WDFW fish biologist Randy Osborne sampled Fourth of July Lake rainbows
WDFW fish biologist Randy Osborne
sampled Fourth of July Lake rainbows

Fourth of July Lake, on the Lincoln-Adams county line south of the town of Sprague, and Hog Canyon Lake in Spokane County northeast of Sprague, are open to fishing Dec. 1 through March 31. WDFW Central District Fish Biologist Randy Osborne says anglers can expect good fishing at both lakes if they can get to open water.

“Our recent cold snap has created about one to two inches of ice in the protected bays on both lakes, including the boat launching areas,” Osborne said.  “This ice is not thick enough to walk on, but thick enough to cause problems launching a boat. There are some open water areas, but be careful since things are changing daily at both lakes.”
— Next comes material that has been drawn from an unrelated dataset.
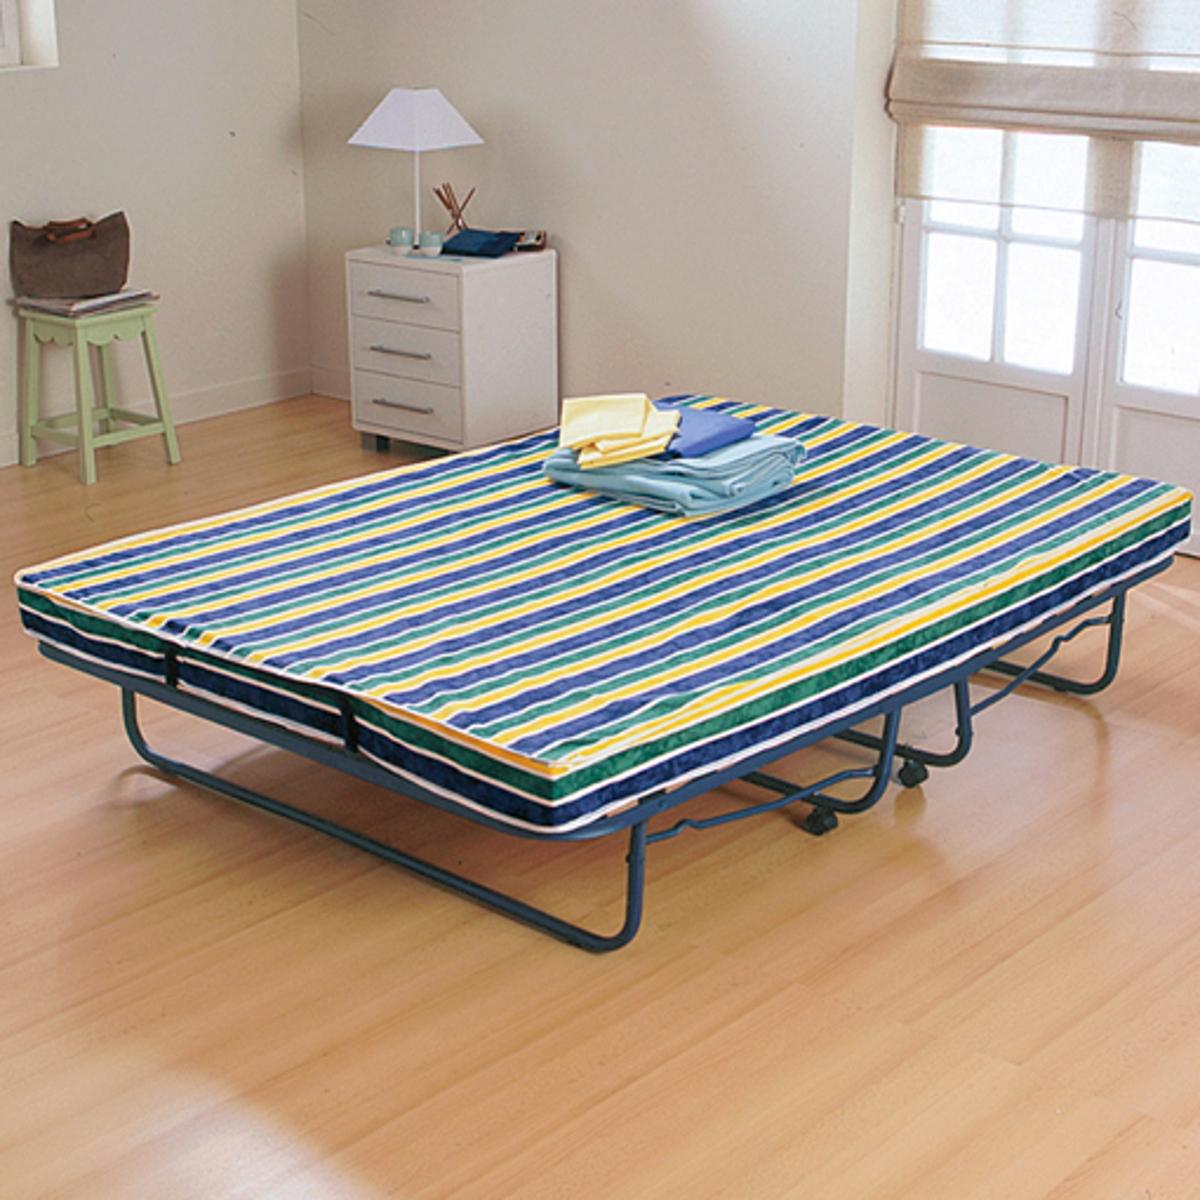 Cama plegable + somier de láminas + colchón equilibrado

At Hog Canyon, Osborne says anglers can expect to catch rainbow trout ranging from 10 to 18 inches.  Recent checks show a good mix of fish both measuring under and over 14 inches.

At Fourth of July, anglers can expect really good fishing for rainbow trout ranging from 12 to 24 inches.  Recent checks showed that only about 20 percent of sampled fish were less than 14 inches, so it may be difficult to catch a full limit of five fish there, Osborne says.
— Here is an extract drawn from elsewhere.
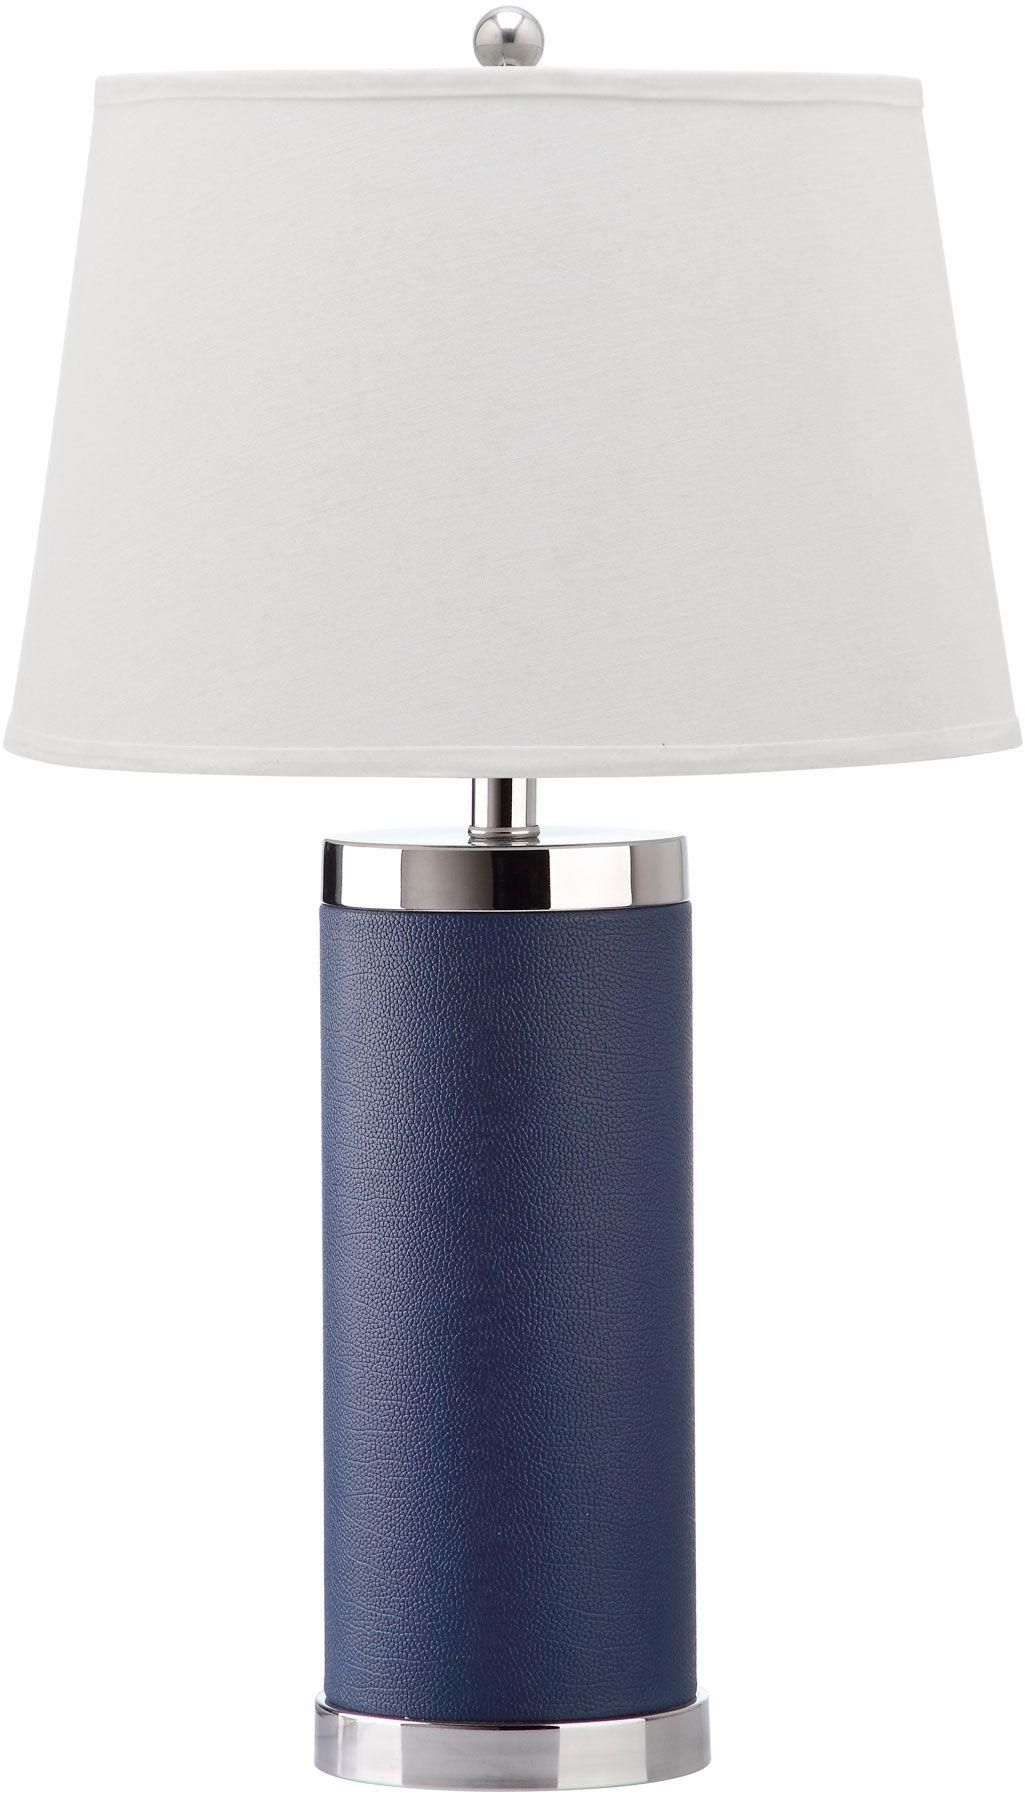 navy blue desk lamp - Navy Blue Table Lamp

“At both lakes you can only keep two fish over 14 inches,” Osborne said. “So at Fourth of July Lake in particular, be sure to take an accurate measuring device to make sure you’re following the size restriction.”

Osborne notes the ice conditions on parts of many year-round-open fishing lakes in the region are causing problems, both with launching boats and with safely walking across the ice. “Anglers may have to play things by ear for a while,” Osborne said.  “It may warm up again, clearing up some of the ice, or folks may just have to wait for consistently cold weather before venturing out to fish through the ice.”

Silver Lake in southwest Spokane County should produce some decent yellow perch through the ice, Osborne says, and Newman Lake in eastern Spokane County should have some good fishing for black crappie if anglers can find them.

WDFW fish biologist Bill Baker sampled Lake Roosevelt rainbows
WDFW fish biologist Bill Baker
sampled Lake Roosevelt rainbows

Osborne and WDFW Northeast District Fish Biologist Bill Baker both report rainbow trout fishing has been excellent at Lake Roosevelt, the Columbia River reservoir off Grand Coulee Dam.  Baker says reservoir catch rates on healthy net-pen-reared rainbows, that typically run 15 to 16 inches, are high for both shore anglers and boat anglers.

Lake Roosevelt kokanee fishing has been more spotty, they say, but some anglers have been finding fish and doing pretty well.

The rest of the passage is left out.